Dawson Laura A, Normolle Daniel, Balter James M, McGinn Cornelius J, Lawrence Theodore S, Ten Haken Randall K
Department of Radiation Oncology, University of Michigan, Ann Arbor, MI 48109-0010, USA.
Int J Radiat Oncol Biol Phys. 2002 Jul 15;53(4):810-21. doi: 10.1016/s0360-3016(02)02846-8.
To describe the dose-volume tolerance for radiation-induced liver disease (RILD) using the Lyman-Kutcher-Burman (LKB) normal tissue complication probability (NTCP) model.
A total of 203 patients treated with conformal liver radiotherapy and concurrent hepatic arterial chemotherapy were prospectively followed for RILD. Normal liver dose-volume histograms and RILD status for these patients were used as input data for determination of LKB model parameters. A complication was defined as Radiation Therapy Oncology Group Grade 3 or higher RILD < o r =4 months after completion of radiotherapy. A maximal likelihood analysis yielded best estimates for the LKB NTCP model parameters for the liver for the entire patient population. A multivariate analysis of the potential factors associated with RILD was also completed, and refined LKB model parameters were obtained for patient subgroups with different risks of RILD.

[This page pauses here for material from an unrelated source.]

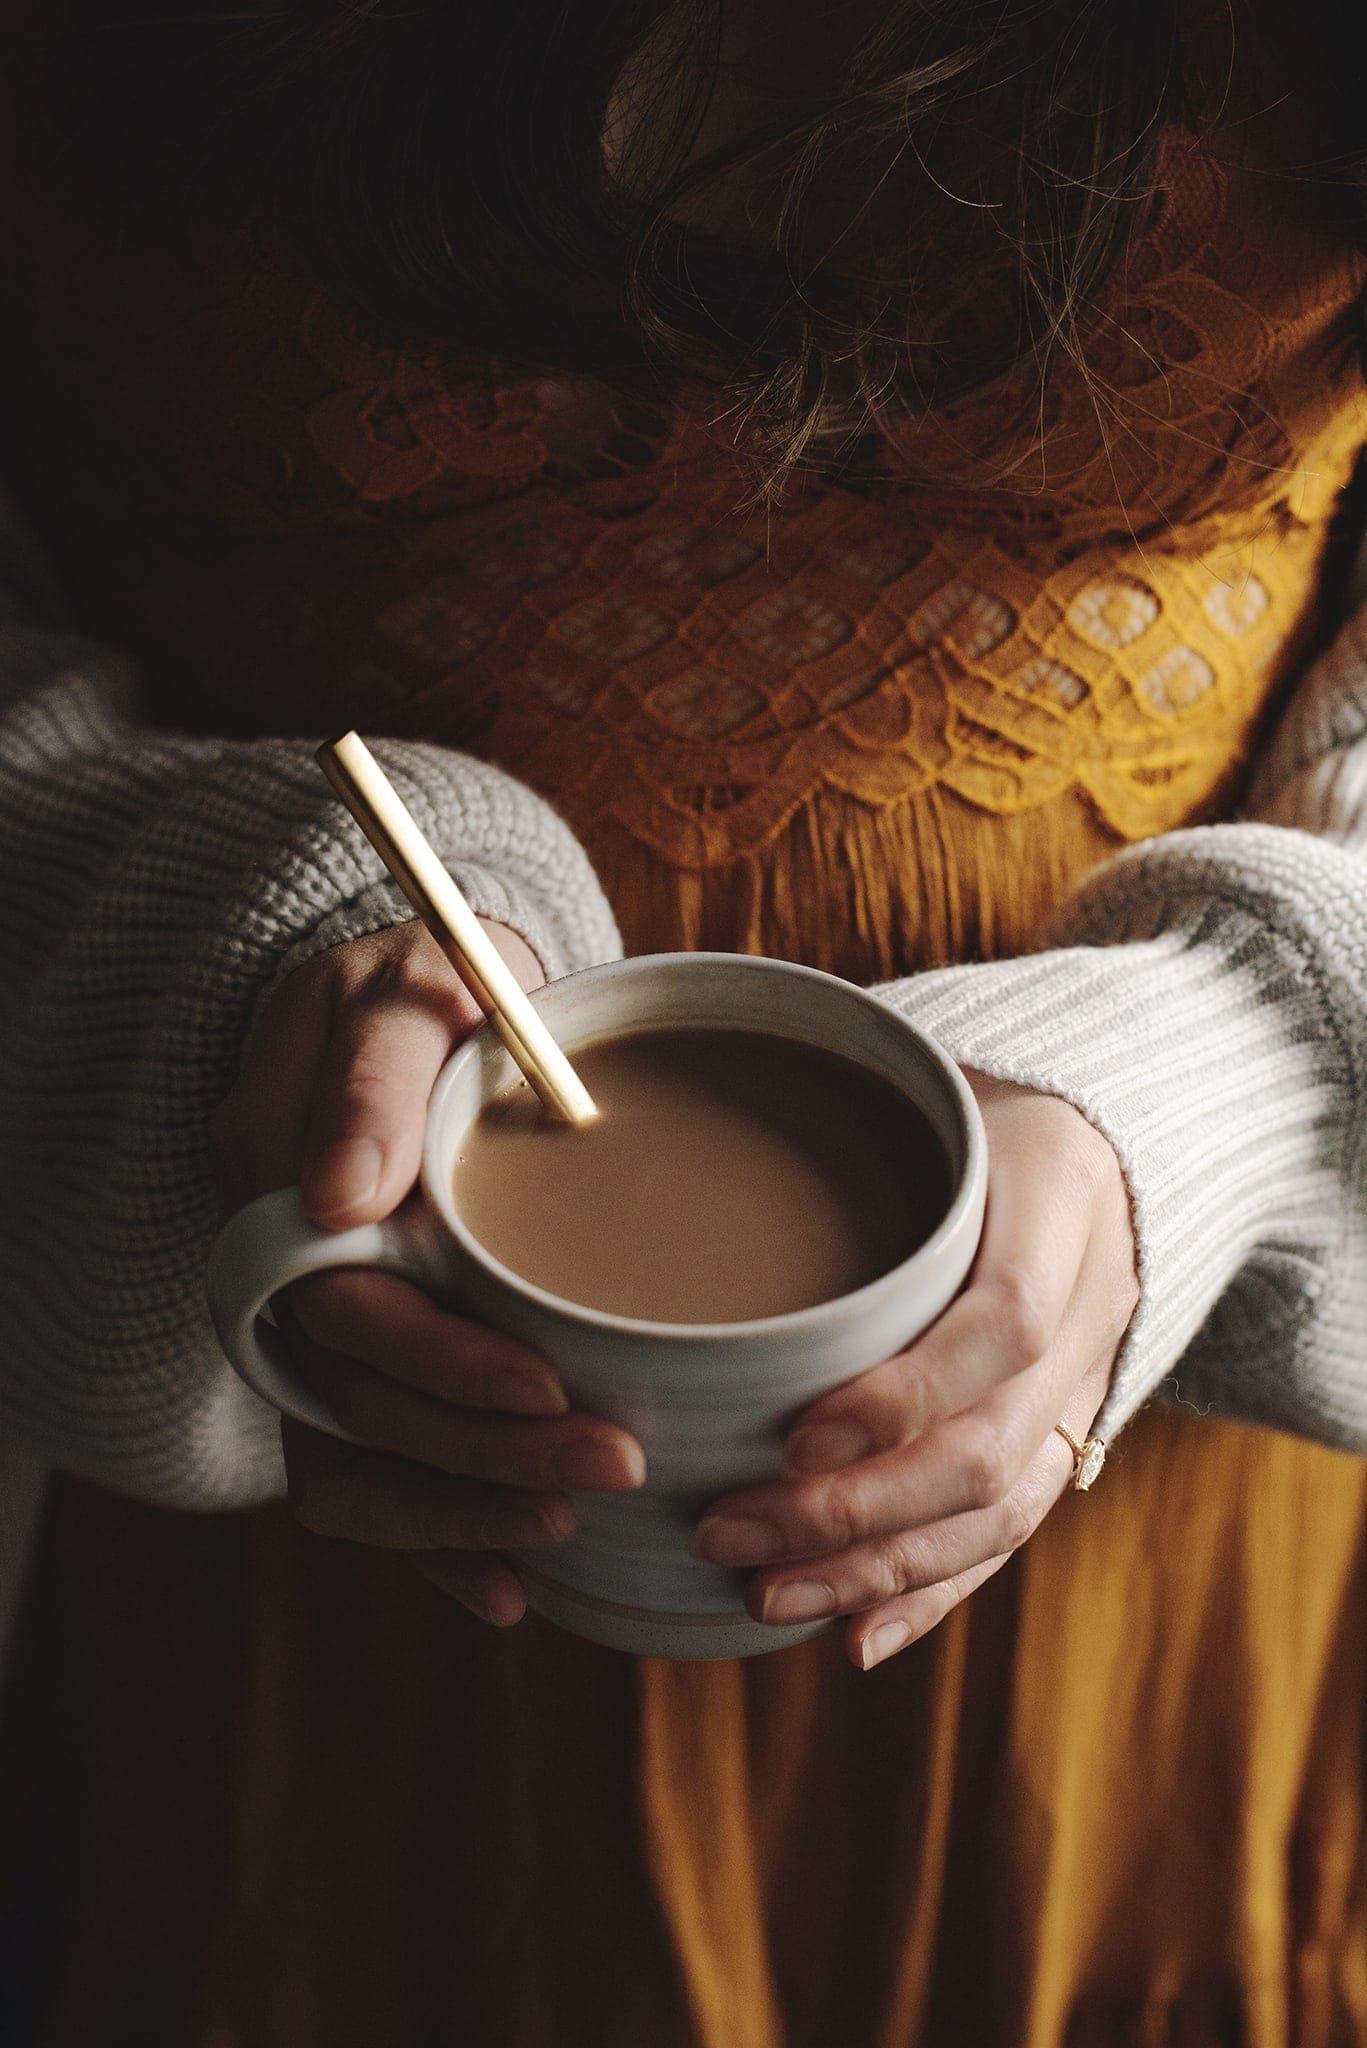 Holding a mug of Amarula caffe mocha in hands

Of 203 patients treated with focal liver irradiation, 19 developed RILD. The LKB NTCP model fit the complication data for the entire group. The "n" parameter was larger than previously described, suggesting a strong volume effect for RILD and a correlation of NTCP with the mean liver dose. No cases of RILD were observed when the mean liver dose was <31 Gy. Multivariate analysis demonstrated that in addition to NTCP and the mean liver dose, a primary hepatobiliary cancer diagnosis (vs. liver metastases), bromodeoxyuridine hepatic artery chemotherapy (vs. fluorodeoxyuridine chemotherapy), and male gender were associated with RILD. For 169 patients treated with fluorodeoxyuridine, the refined LKB model parameters were n = 0.97, m = 0.12, tolerance dose for 50% complication risk for whole organ irradiated uniformly [TD50(1)] = 45.8 Gy for patients with liver metastases, and TD50(1) = 39.8 Gy for patients with primary hepatobiliary cancer.
These data demonstrate that the liver exhibits a large volume effect for RILD, suggesting that the mean liver dose may be useful in ranking radiation plans. The inclusion of clinical factors, especially the diagnosis of primary hepatobiliary cancer vs. liver metastases, improves the estimation of NTCP over that obtained solely by the use of dose-volume data. These findings should facilitate the application of focal liver irradiation in future clinical trials.
使用莱曼 - 库彻 - 伯曼(LKB)正常组织并发症概率(NTCP)模型描述放射性肝病(RILD)的剂量 - 体积耐受性。
前瞻性随访了203例接受适形肝脏放疗及同期肝动脉化疗的患者,观察RILD情况。将这些患者的正常肝脏剂量 - 体积直方图和RILD状态作为确定LKB模型参数的输入数据。并发症定义为放疗结束后≤4个月出现放射肿瘤学组3级或更高等级的RILD。通过最大似然分析得出了整个患者群体肝脏的LKB NTCP模型参数的最佳估计值。还完成了与RILD相关潜在因素的多变量分析,并为具有不同RILD风险的患者亚组获得了优化的LKB模型参数。
在203例接受局部肝脏照射的患者中,19例发生了RILD。LKB NTCP模型拟合了整个组的并发症数据。“n”参数大于先前描述的值,表明RILD存在强烈的体积效应,且NTCP与平均肝脏剂量相关。当平均肝脏剂量<31 Gy时,未观察到RILD病例。多变量分析表明,除了NTCP和平均肝脏剂量外,原发性肝胆癌诊断(相对于肝转移)、溴脱氧尿苷肝动脉化疗(相对于氟脱氧尿苷化疗)以及男性性别与RILD相关。对于169例接受氟脱氧尿苷治疗的患者,优化后的LKB模型参数为:n = 0.97,m = 0.12,均匀照射全肝时50%并发症风险的耐受剂量[TD50(1)],肝转移患者为45.8 Gy,原发性肝胆癌患者为39.8 Gy。
这些数据表明肝脏对RILD表现出较大的体积效应,提示平均肝脏剂量可能有助于对放疗计划进行排序。纳入临床因素,特别是原发性肝胆癌与肝转移的诊断,比仅使用剂量 - 体积数据能更好地估计NTCP。这些发现应有助于在未来的临床试验中应用局部肝脏照射。